For Sample Case 0, we can get the following details:
e0 table
Students 5077 and 62743 both created 4 challenges, but the maximum number of challenges created is 6 so these students are excluded from the result.

For Sample Case 1, we can get the following details:
e1 table
Students 12299 and 34856 both created 6 challenges. Because 6 is the maximum number of challenges created, these students are included in the result.

The Solution

There are multiple ways to tackle this problem.
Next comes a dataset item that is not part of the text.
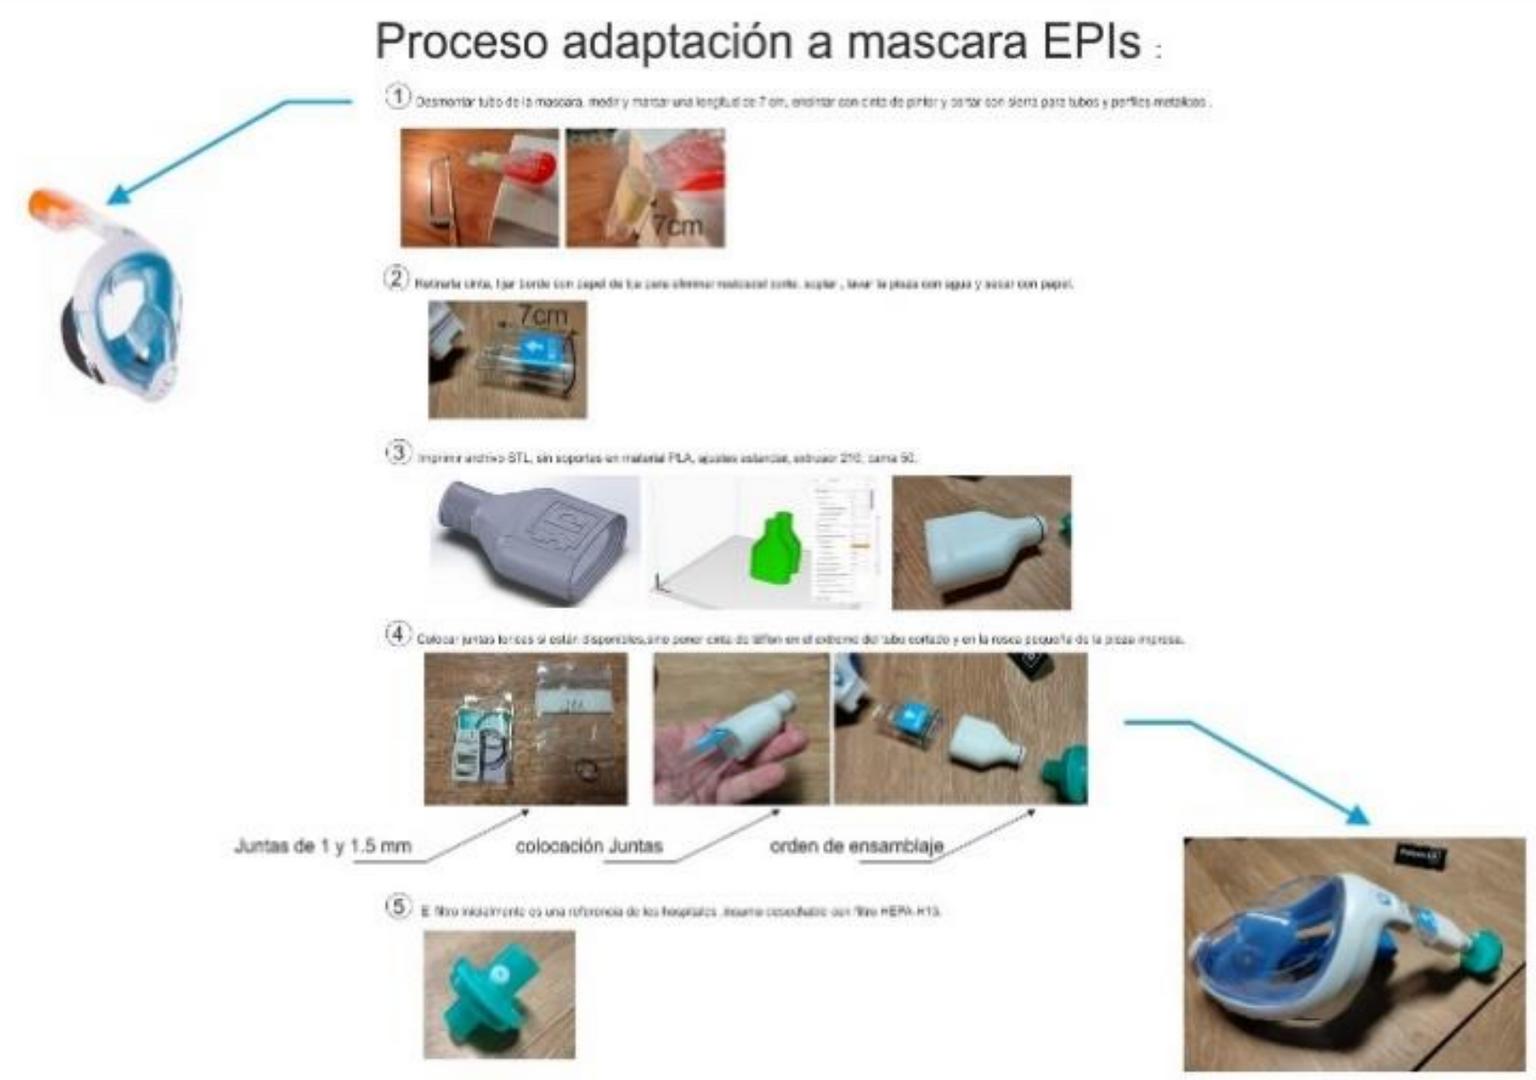 Processo de adaptação da máscara para EPIs

Here, we are going to discuss two solutions.

Source Code 1

This solution first calculates the number of challenges for each hacker using a window function, and then excludes those students who have created challenges count that is less than the maximum but still tied with other students. This solution is relatively straightforward and easy to understand but may not be the most efficient one in case of large datasets.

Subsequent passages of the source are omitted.